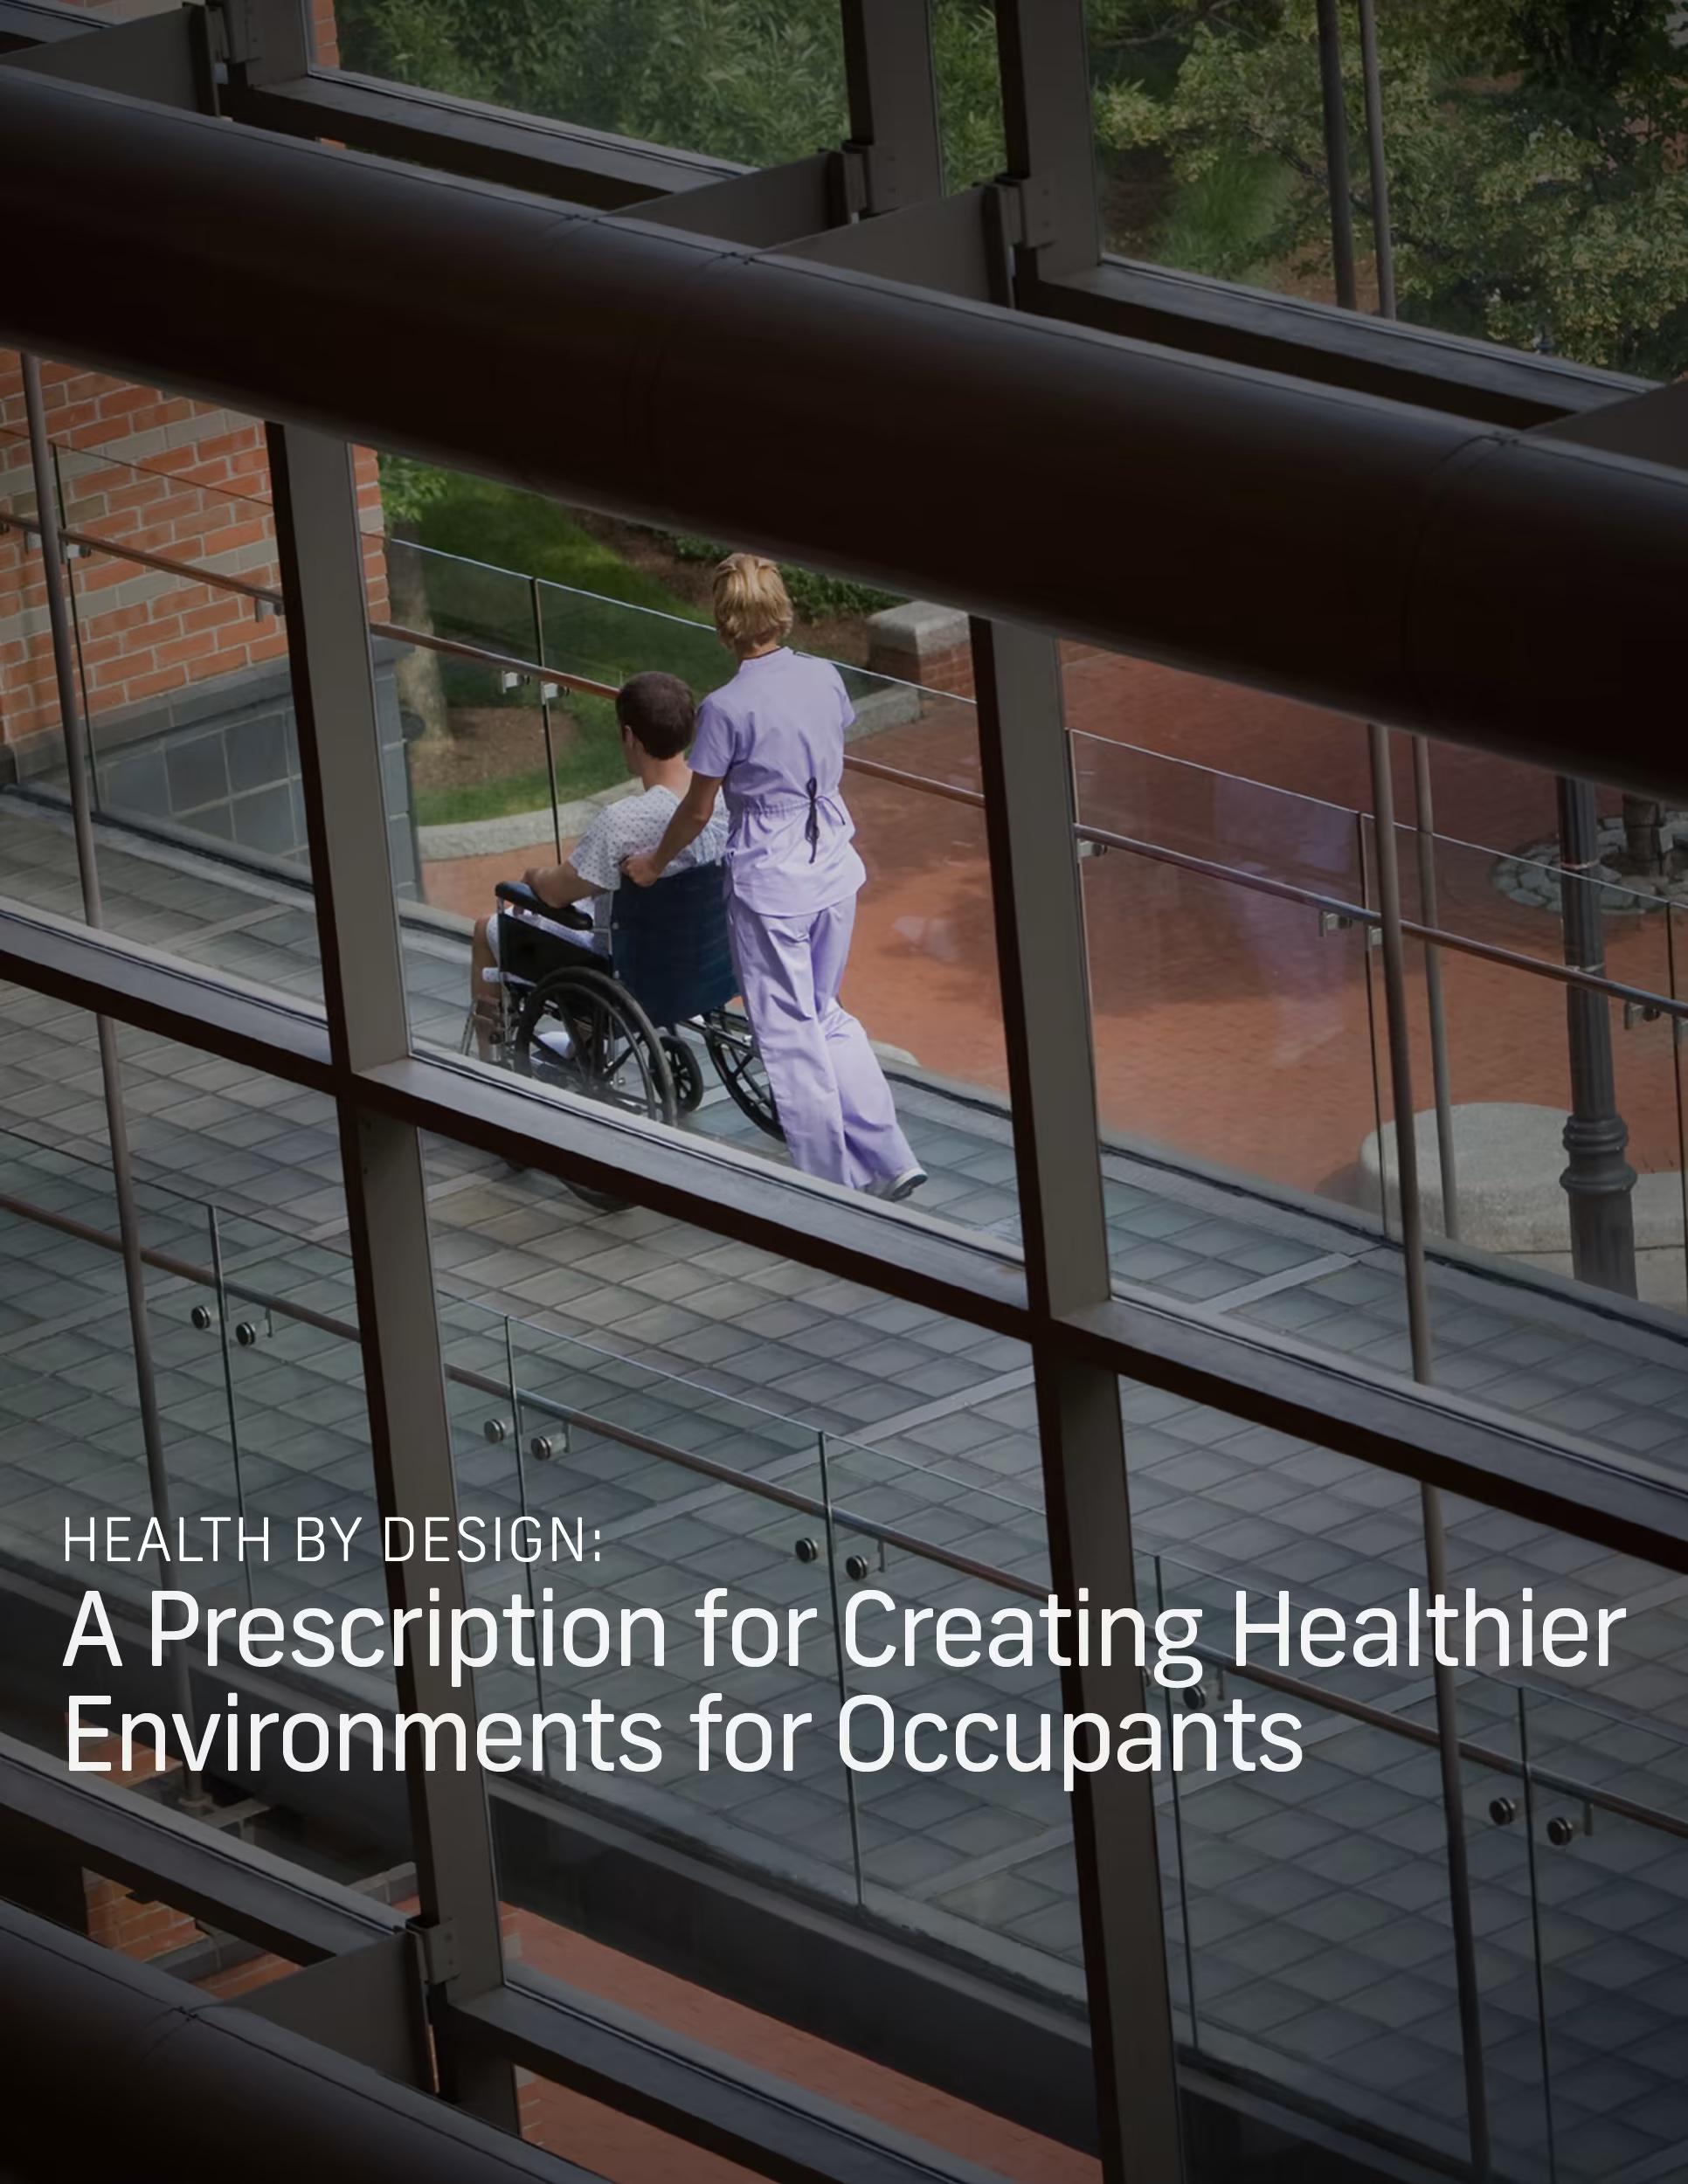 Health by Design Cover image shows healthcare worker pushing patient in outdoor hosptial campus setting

==

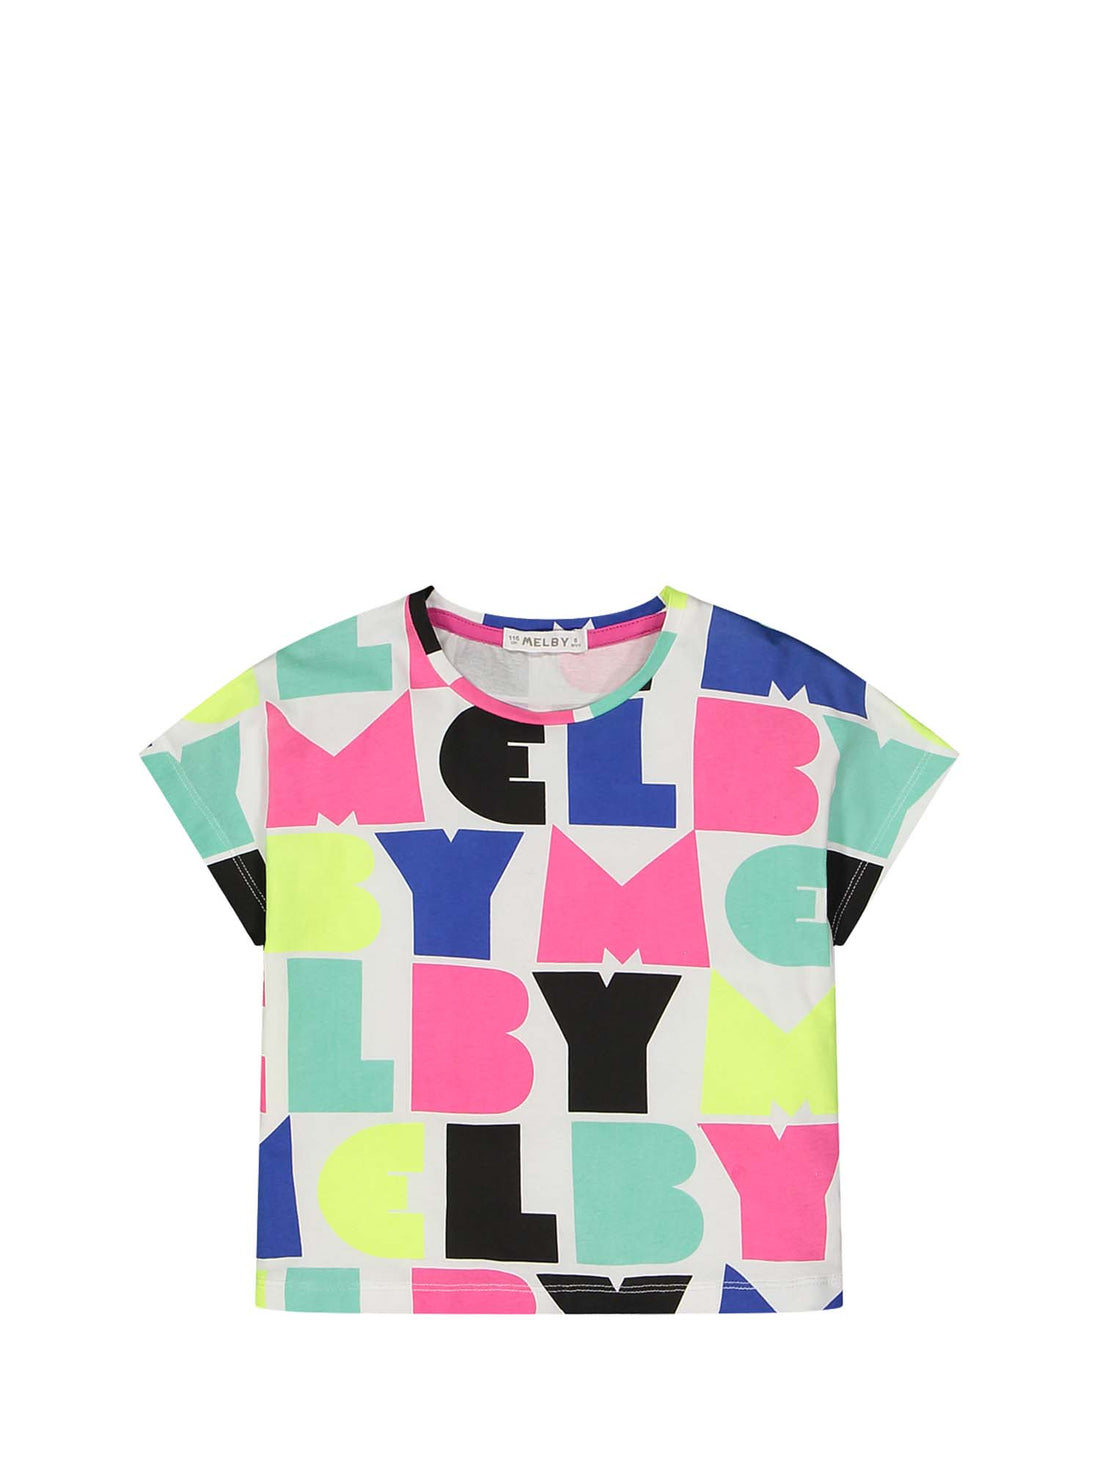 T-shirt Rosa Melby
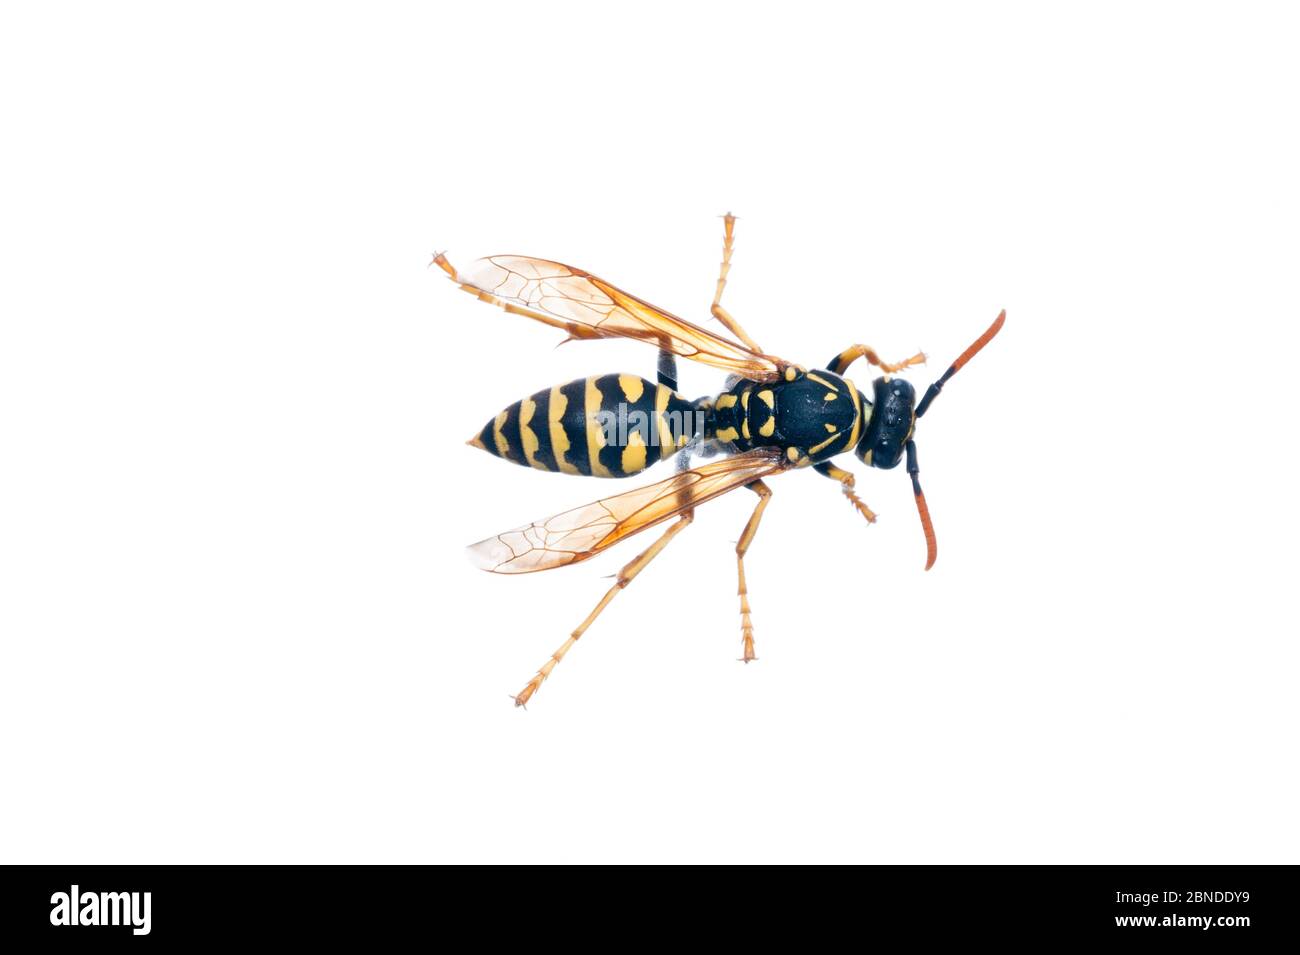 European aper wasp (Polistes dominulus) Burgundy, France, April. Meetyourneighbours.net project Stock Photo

WHAT YOU WILL DO.
Please transcribe exactly the part of the records that opens with the line containing "T-shirt Rosa Melby" and closes with the line containing "European aper wasp", both ends included, and leave out the pictures.

ANSWER TO THIS TASK.
 T-shirt Rosa Melby
 European aper wasp (Polistes dominulus) Burgundy, France, April. Meetyourneighbours.net project Stock Photo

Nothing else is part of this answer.